Short interview answer

Leakage happens whenever the model gets information at training time that would not be available at forecast time.

Most common examples

  • Random train-test split instead of chronological split
  • Fitting scalers or encoders on the full dataset
  • Using future covariates that are unknown at prediction time
  • Building target-derived rolling features with windows that cross the forecast origin
  • Using revised rather than point-in-time data

Best interview line

For time series, leakage is often subtle because the code may look correct while the feature timestamp semantics are wrong.

Q: How should you validate a forecasting model?

Strong answer

Use chronological validation, ideally rolling-origin or walk-forward backtesting.

Example

1
2
3
4
5
Train: [----------]
Valid:           [---]

Train: [-------------]
Valid:                [---]

This better reflects how the model will actually be used in production.

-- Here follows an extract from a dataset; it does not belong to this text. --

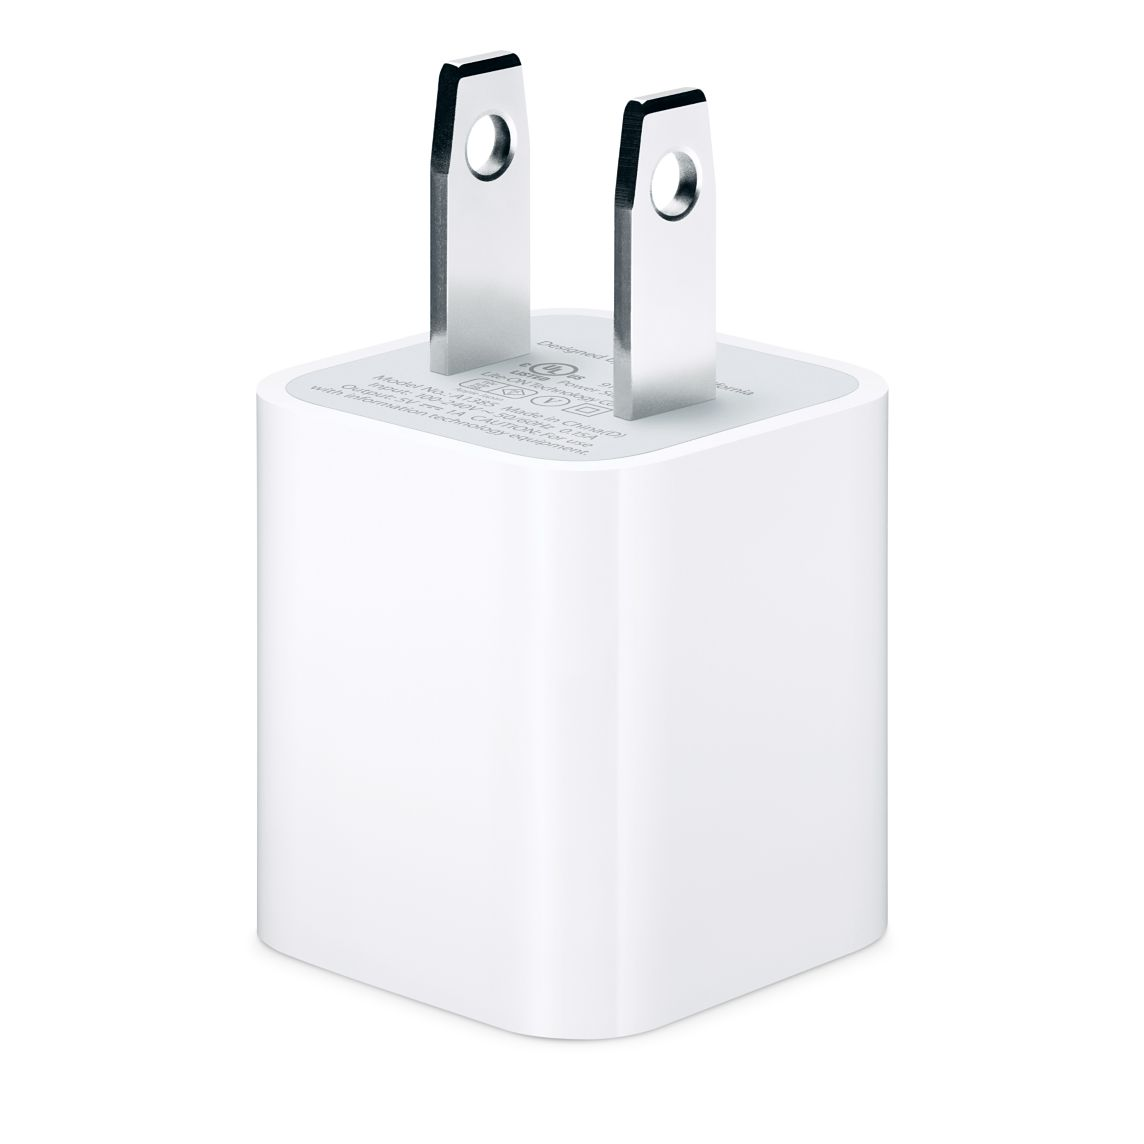 Sạc iPhone 5W USA

Q: How do you evaluate point forecasts?

Common metrics

1
2
3
4
5
MAE  = (1/n) Σ |y_t - ŷ_t|

RMSE = sqrt( (1/n) Σ (y_t - ŷ_t)^2 )

MAPE = (100/n) Σ |(y_t - ŷ_t) / y_t|

Good interview nuance

  • MAE is robust and easy to interpret.
  • RMSE penalizes large errors more strongly.
  • MAPE breaks when actual values are near zero.
  • For intermittent demand, MAPE can be especially misleading.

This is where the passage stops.